Hurwitz was born in 1979 in Israel to American parents Ira and Dr. Judy Lieman-Hurwitz. He began playing the piano at age 7, and took interest in playing the guitar after seeing the instrument being played in the film Back To The Future. Hurwitz claims that, at the time, he was inspired by Israeli artists such as Gidi Gov and Mashina, as well as British artists such as Eric Clapton and Pink Floyd. His parents bought him his first guitar soon afterwards.

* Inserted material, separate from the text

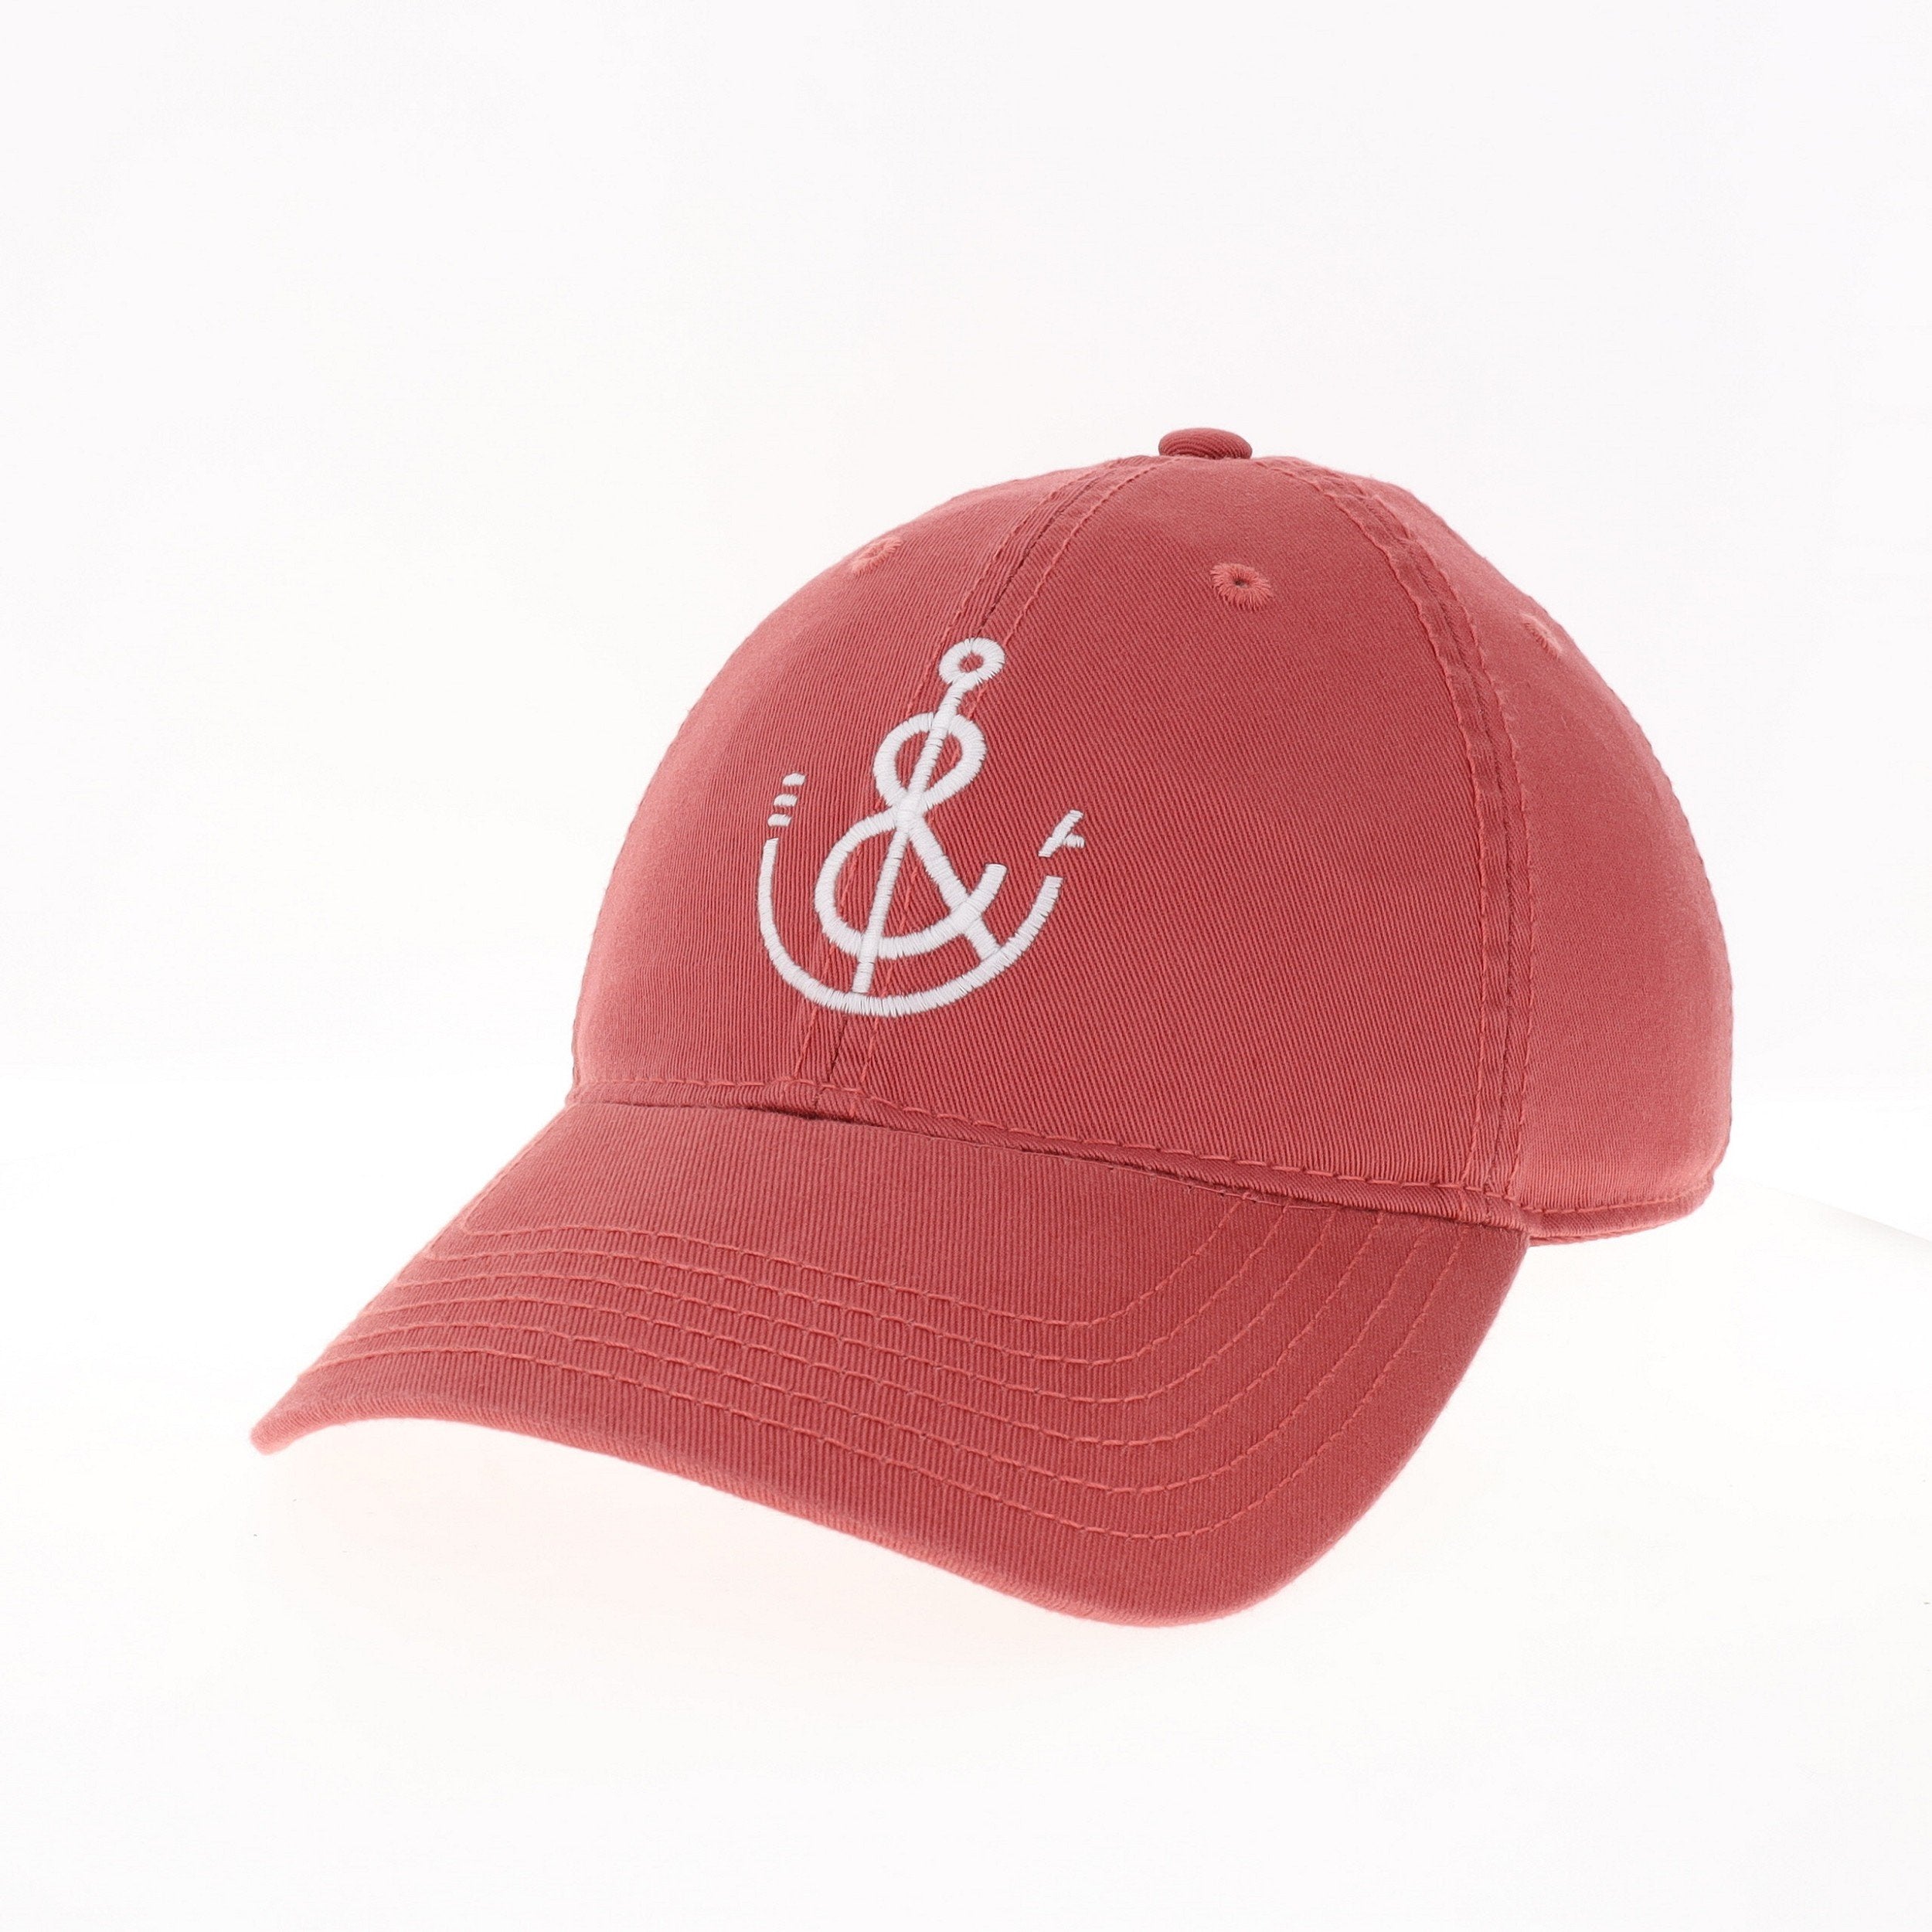 Signature Anchor Baseball Hat

Over the ensuing years, Hurwitz continued to teach himself guitar, while learning how to produce live shows. By age 21, he was audio engineer and stage tech in Israel. At age 23, after a terrorist attack in Israel affected him personally, he moved to Los Angeles to be a professional musician.

== Los Angeles career ==

While living in Los Angeles, Hurwitz met drummer Randy Cooke, who helped him get his first signed artist gig with singer-songwriter Anna Nalick. Hurwitz then joined Nalick on the road while she promoted her second studio album Shine. He later worked with Enrique Iglesias, Smash Mouth, Gin Blossoms, Chris Wallace, and many more. In addition to being a live musician, Hurwitz has also written, produced and recorded music.